Les jambes de Kohim subissaient de nouveaux spasmes, manifestant son agacement. Mahaut réfléchit à ses craintes et aux arguments qu’elle pourrait avancer afin de les apaiser ; elle ne pouvait pas abandonner si près du but !

« Je comprends tout à fait que tu n’aies pas envie de paraître ridicule, entama-t-elle avec calme, mais tu risquerais quoi, réellement ? Tu pourras toujours affirmer que les Maïdokhis t’ont pris en otage et forcé à obéir à leurs ordres, ou qu’ils t’ont drogué, non ? Personne ne remettra jamais ta loyauté à Ramah en cause, Kohim, tu le sais bien ! Tu l’as assez démontrée au fil de tes années de service… Jab ! Aide-moi ! Dis-lui qu’il n’a rien à perdre ! »

L’ancien chef de groupe agita la tête de part et d’autre, levant les paumes en signe d’impuissance — ou de désintérêt ? Elle poursuivit malgré tout son entreprise d’amadouement.

« Par contre, imagine que tout ça soit vrai ! Tu as vu les images, tu sais que c’est possible.

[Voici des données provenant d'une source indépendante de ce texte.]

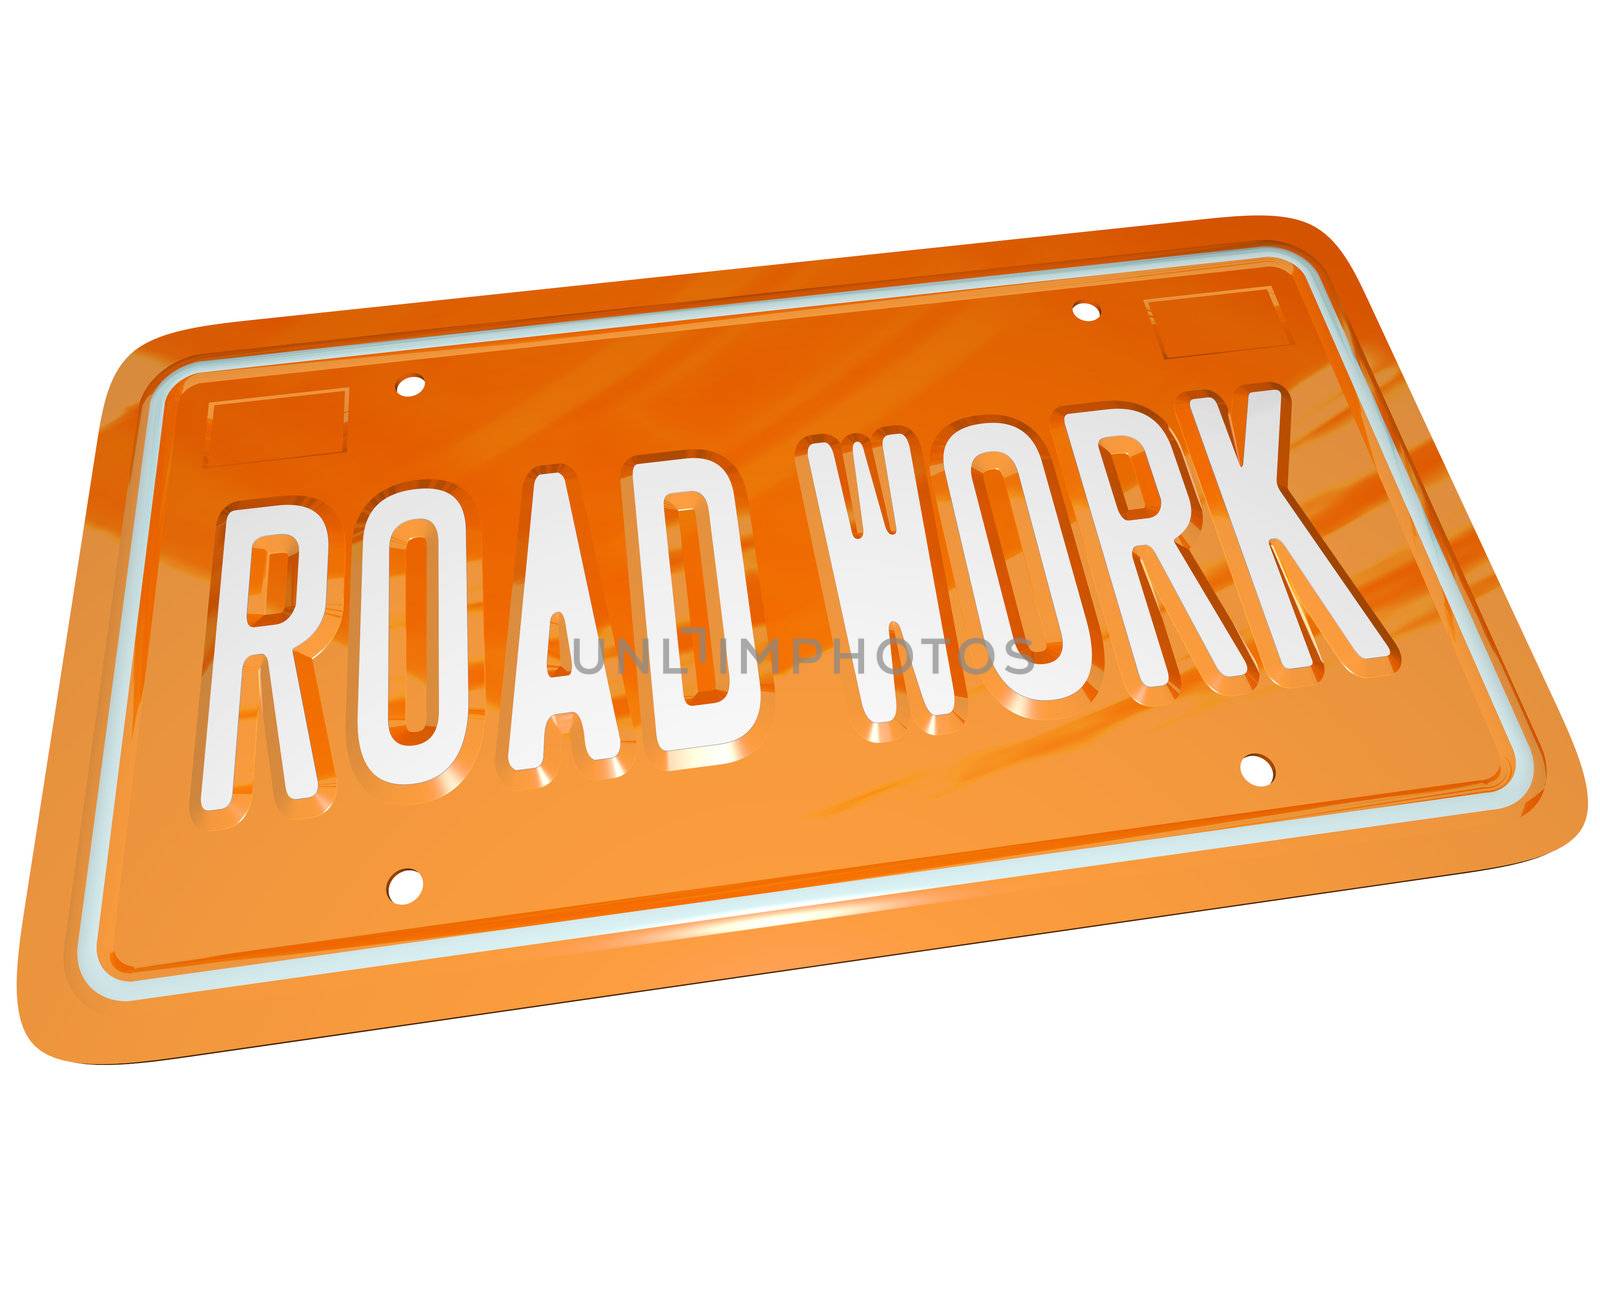 An orange metal license plate with the words Road Work communicating that there is roadwork ahead and construction is creating detours and traffic congestion

Alors, pourquoi ne pas te donner une chance de récolter les honneurs d’une découverte aussi extraordinaire ? Tu serais promu, décoré, récompensé au-delà de toutes tes attentes, j’en suis persuadée ! Un héros pour tout Ramah ! »

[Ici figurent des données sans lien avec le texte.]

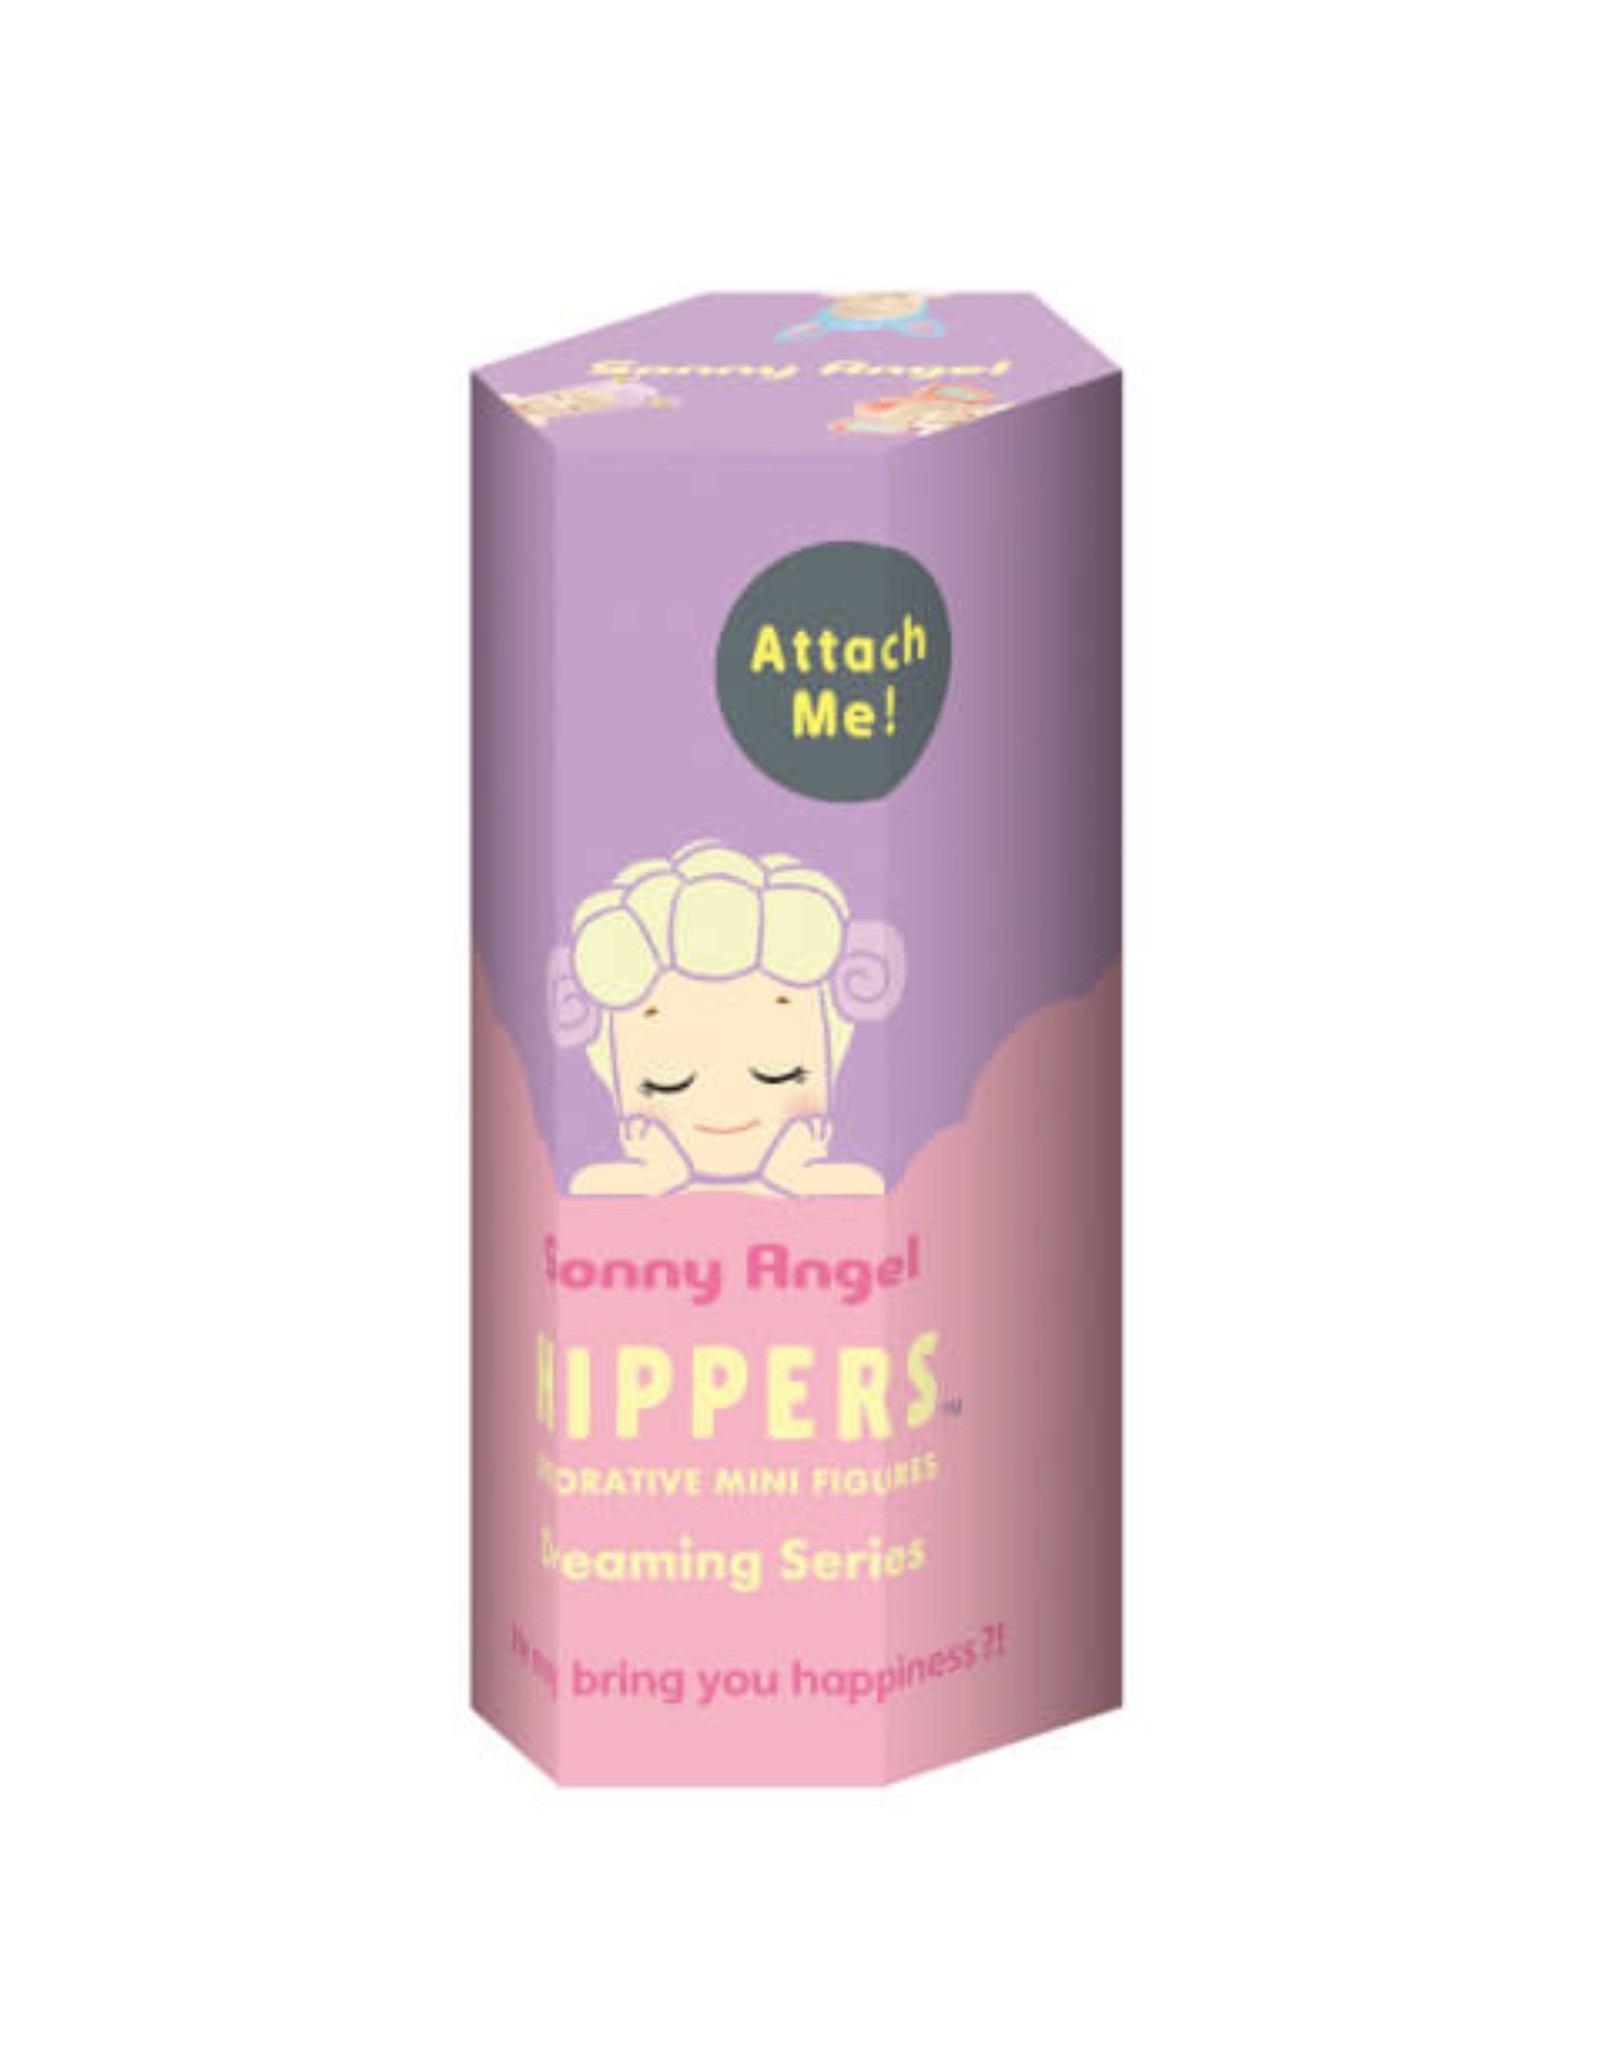 Sonny Angel Hippers Dreaming - Blind Box

Tout en parlant, Mahaut avait saisi le petit écouvillon que lui tendait Nitisham. Elle le mit en bouche pour y déposer sa salive avant de le rendre à la conservatrice, qui s’éclipsa aussitôt en compagnie d’un des scientifiques. Face à son sourire placide, Kohim paraissait en pleine lutte interne. Avait-elle appuyé sur les bons boutons, trouvé le mot juste pour lui donner envie de tenter le coup ?

« Allons-y, pourquoi pas, je m’en fous, de toute façon ! accepta-t-il enfin avec un dernier mouvement incontrôlé de son exosquelette. Connecte-moi ! »

Des feux d’artifice dans la tête, elle se dépêcha d’activer sa radio longue distance pendant que Kohim sortait son terminal de son sac à dos. Elle établit une liaison avec l’appareil ramahène, puis enregistra les codes des relais mis en place par leurs amis de la rébellion à Wan-Jamet. En quelques secondes, cette « porte de derrière » leur donna accès au réseau officiel de Ramah. Ils s’installaient devant un bureau dans un coin du laboratoire quand Nitisham revint vers eux avec le signet contenant la précieuse séquence ADN.

Le visage de Todash Murdakhan apparut sur l’image du terminal, suscitant les pires craintes de Mahaut ; son mépris des consignes l’avait amenée à tuer un Danamôn lors de sa mission de fin de formation. L’ami de Kohim arborait pourtant désormais les insignes de chef d’unité, ce qui ne la rassura qu’à moitié.

« Eh bien, je ne pensais plus te revoir ! s’exclama le militaire de son habituelle manière sardonique. Où es-tu ?

— Je suis blessé, je suis coincé dans un patelin au nord-ouest de Maïdokh, affirma le jeune homme, mais je rentrerai à Dar Long dès que je serai en mesure de faire le voyage. Est-ce que tu pourrais me transférer au commandement ? Je dois communiquer un message de la plus haute importance aux autorités.

— Mec, tu sais que ça ne fonctionne pas comme ça, temporisa Murdakhan. Dis-moi de quoi il s’agit et je verrai ce que je peux te proposer.

— Je suis désolé, ce serait trop compliqué… Fais-moi juste confiance, s’il te plaît, tu ne le regretteras pas. Je te le promets, c’est spectaculaire ! »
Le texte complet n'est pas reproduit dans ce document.